Это место для неприкаянных, неупокоенных…
Привычно ссутулившись на лавке, Дикой замер, глаза полуприкрыты припухшими веками с белесыми поросячьими ресницами. Он не делал никаких мыслительных усилий, он и не знал, как это делать, просто позволял валунам катиться в голове. Катиться, катиться…
Сгустившаяся темнота засветилась, словно сам воздух слабо мерцал. Очертания комнаты и предметов явственно проступили вокруг. Щели между половиц четко очерчены, словно их нарисовали карандашом с широким, мягким грифелем. Даже железное кольцо в полу, в крышке подпола, казалось, потеряло часть своей ржавчины.
Валуны катились, но теперь Дикой различал и другие звуки: мерный, глуховатый стук, как будто чем-то твердым били в пол; визгливое уханье, не то совы, не то филина; тяжелое недоброе ворчание, словно старая деревянная шестерня со скрипом, цепляясь иссохшими зубьями, катилась по зубастой рейке, которой бабы стирают белье; железное бряканье передвигаемых чугунков. На периферии зрения слонялись неясные тени, мерцали багровые отсветы, что-то менялось и только крышка подпола с железным кольцом оставалась четкой и ясно различимой. Несколько раз Дикой почувствовал щипки и толчки в плечо, словно кто-то пытался разбудить его или спихнуть с лавки, но он не обратил на это внимания потому, что крышка подпола чуть приподнялась, и щель по краю, с одной стороны стала шире, намного шире… Он наблюдал за ней с нарастающим смятением, но взгляд против воли опустился на колени, где черным, мохнатым клубком свернулся невесть откуда приблудившийся кот.
– Кыш, – сказал Дикой и неуверенно пошевелился.
Кот приоткрыл один глаз с вполне человеческим зрачком, потянулся, выгибая спину.
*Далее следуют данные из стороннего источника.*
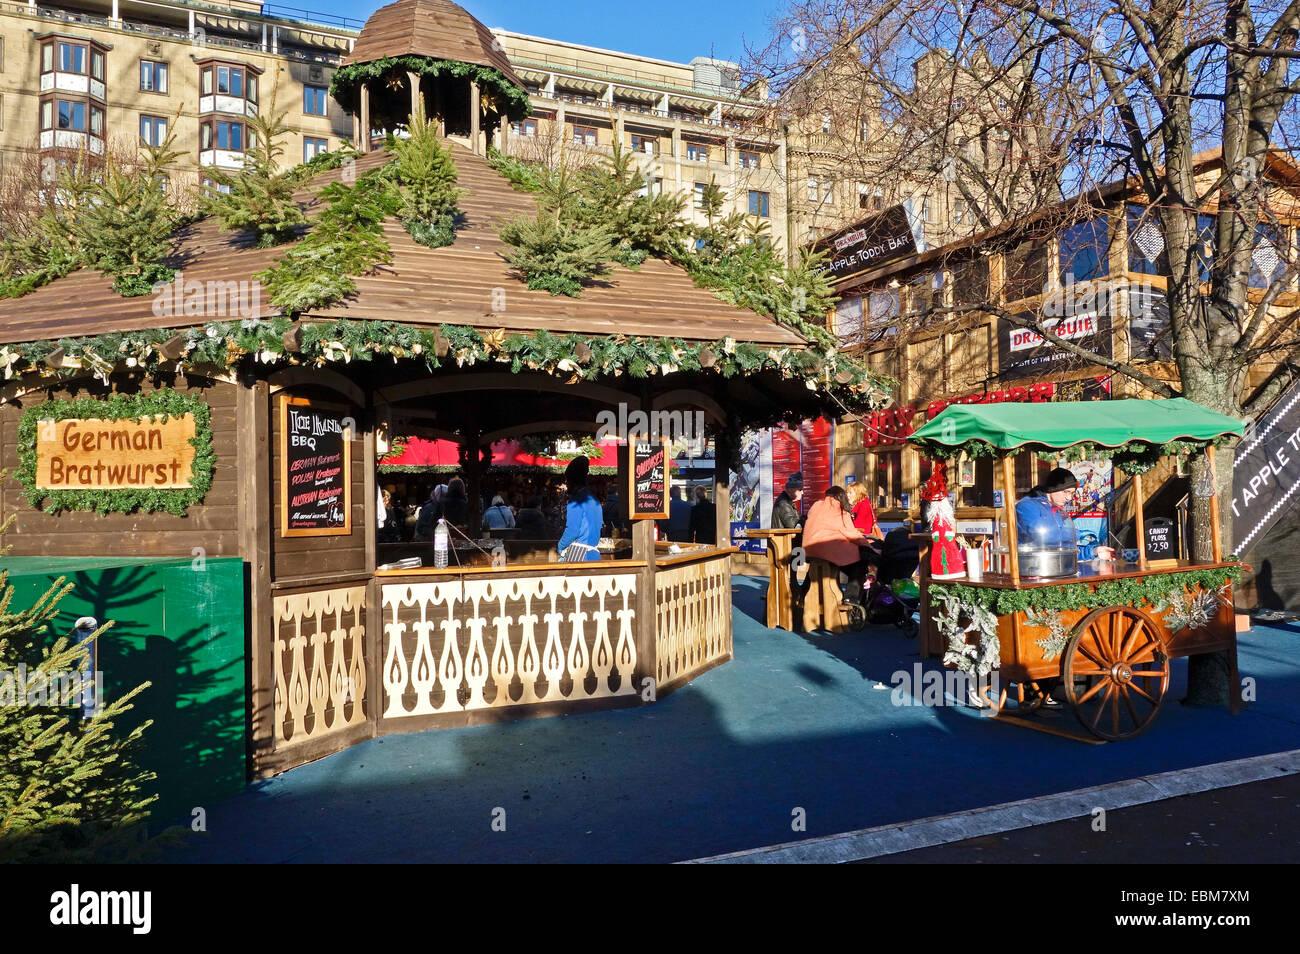 Edinburgh 2014 Marché de Noël dans les jardins de Princes Street Edinburgh Scotland avec décrochage Photo Stock
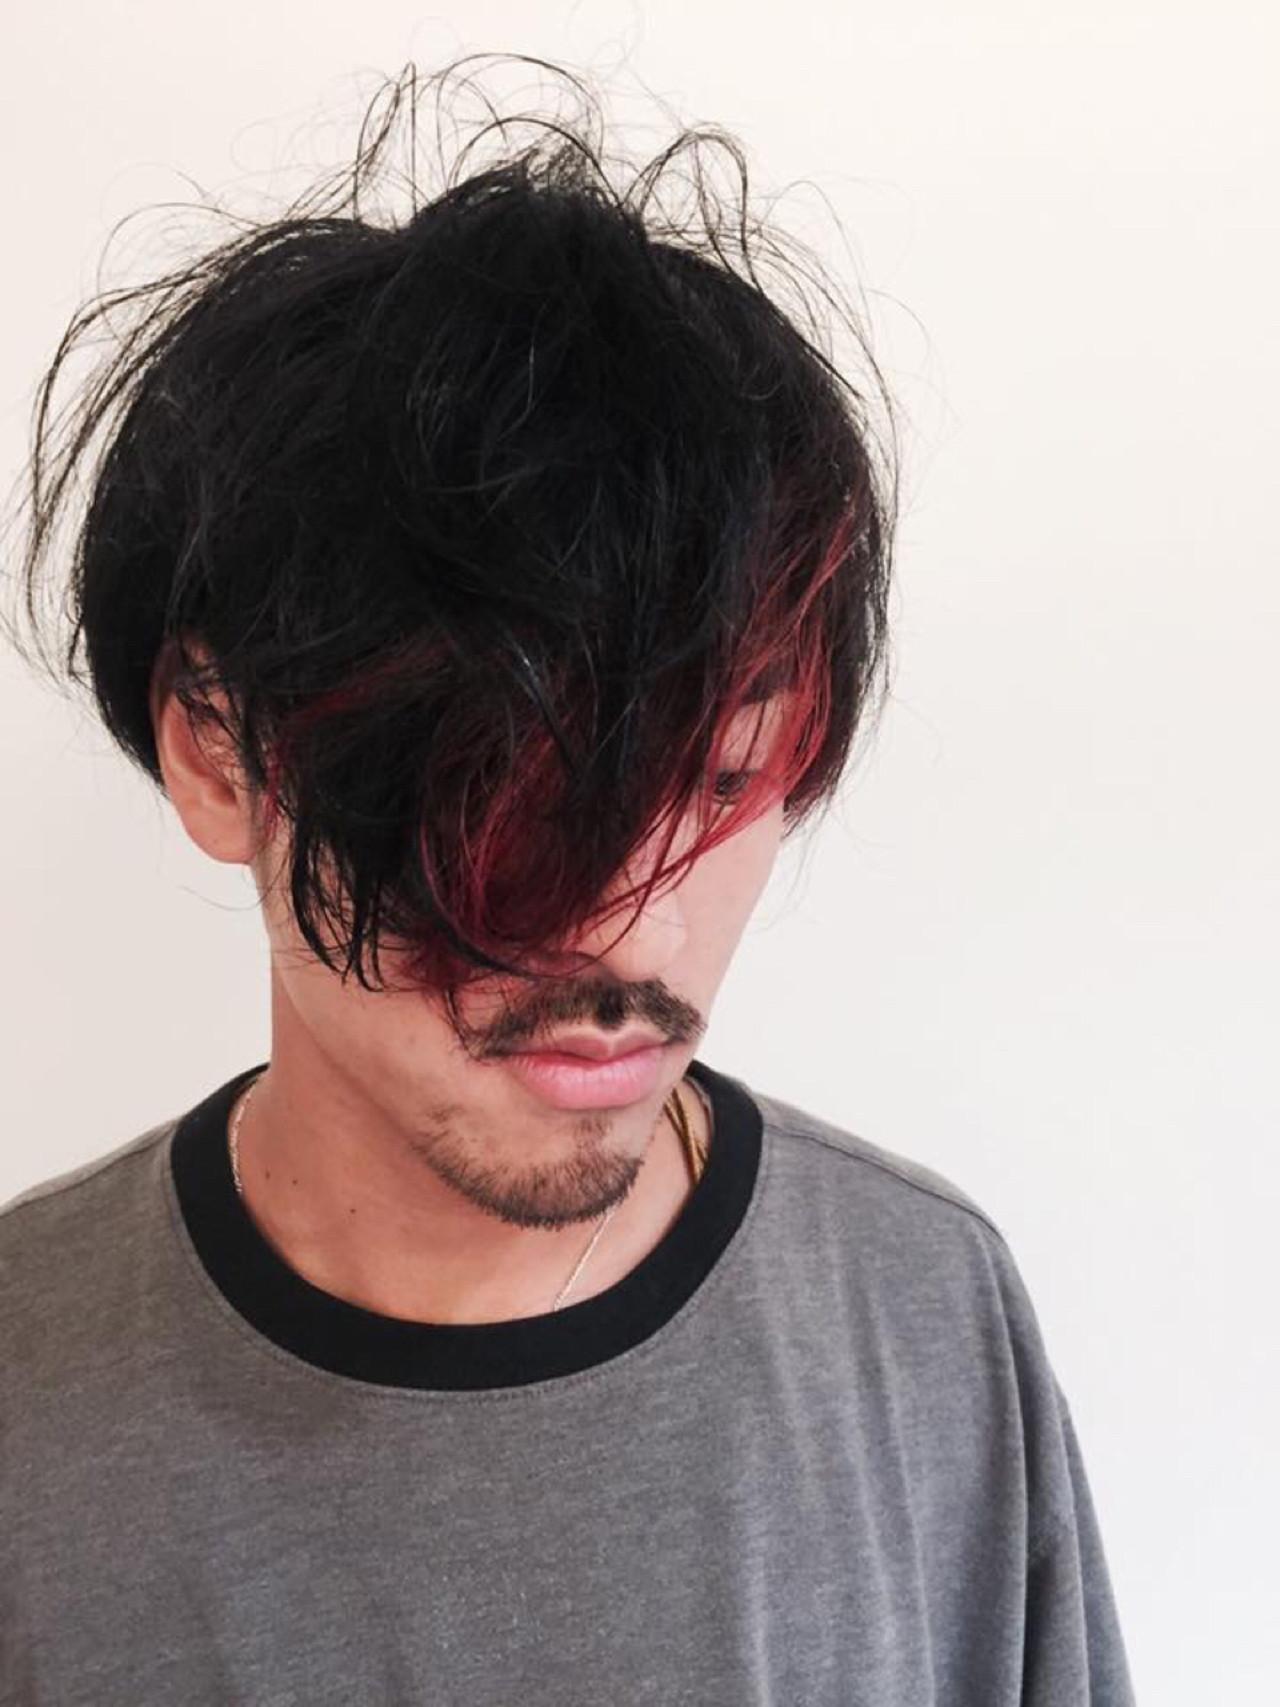 モテ髪 パーマ モード 刈り上げ ヘアスタイルや髪型の写真・画像
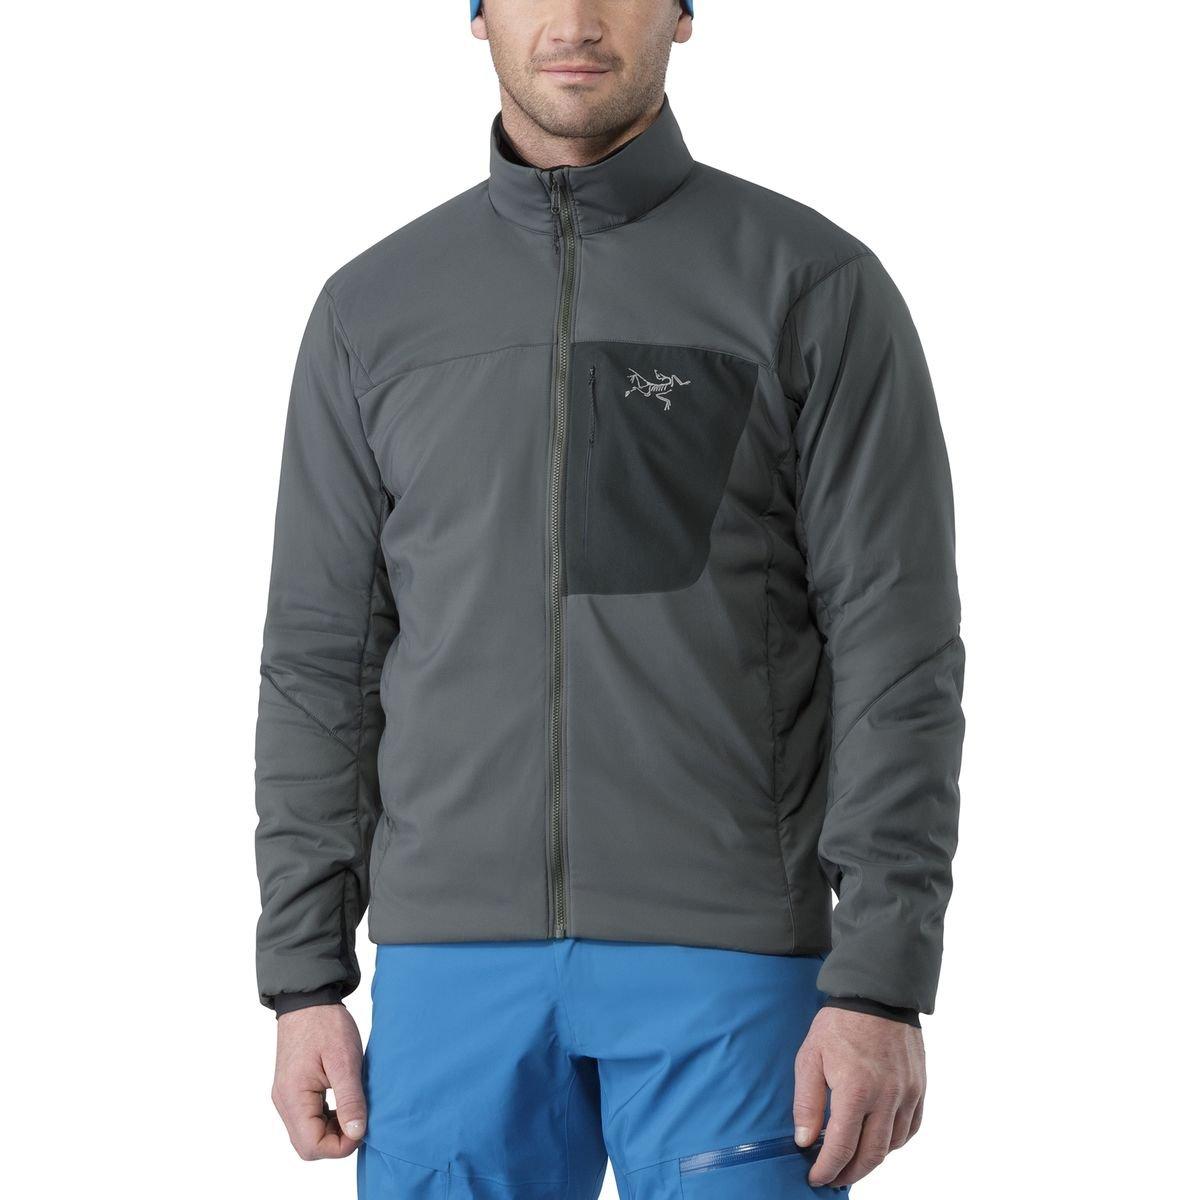 ARCTERYX(アークテリクス) プロトンLTジャケット男性用 18355 B0163TM59K X-Large|Nautic Grey Nautic Grey X-Large

Посмотрел задумчиво на лапу, облизнул ее красным аккуратным язычком, когти плавно вылезли из подушек, блестящие словно ножи на столе лучшего в мире шеф-повара.
– Хиловат он против Крылатихи-то, – произнёс в стороне скрипучий блеющий голос. Дикой хотел повернуться, но не мог отвести взгляда от кота.
– А тебе не всё равно? – кот повернул голову на блеяние, аккуратно поводя ушками, – Раз силу поднял, значит годится…
– Ну, так учи скорее! Солнце село. И второй рядом. Учи, надоело мне тут. К людям хочу, в суету…
Кот нервно дёрнул хвостом. Жёлтые глаза уставились на Дикого.
– Кыш, – повторил тот, – Пшёл…
– Ну, что? Начнем? – спросил кот, глядя Дикому в глаза, и через мгновение метнулся в лицо когтистыми лапами.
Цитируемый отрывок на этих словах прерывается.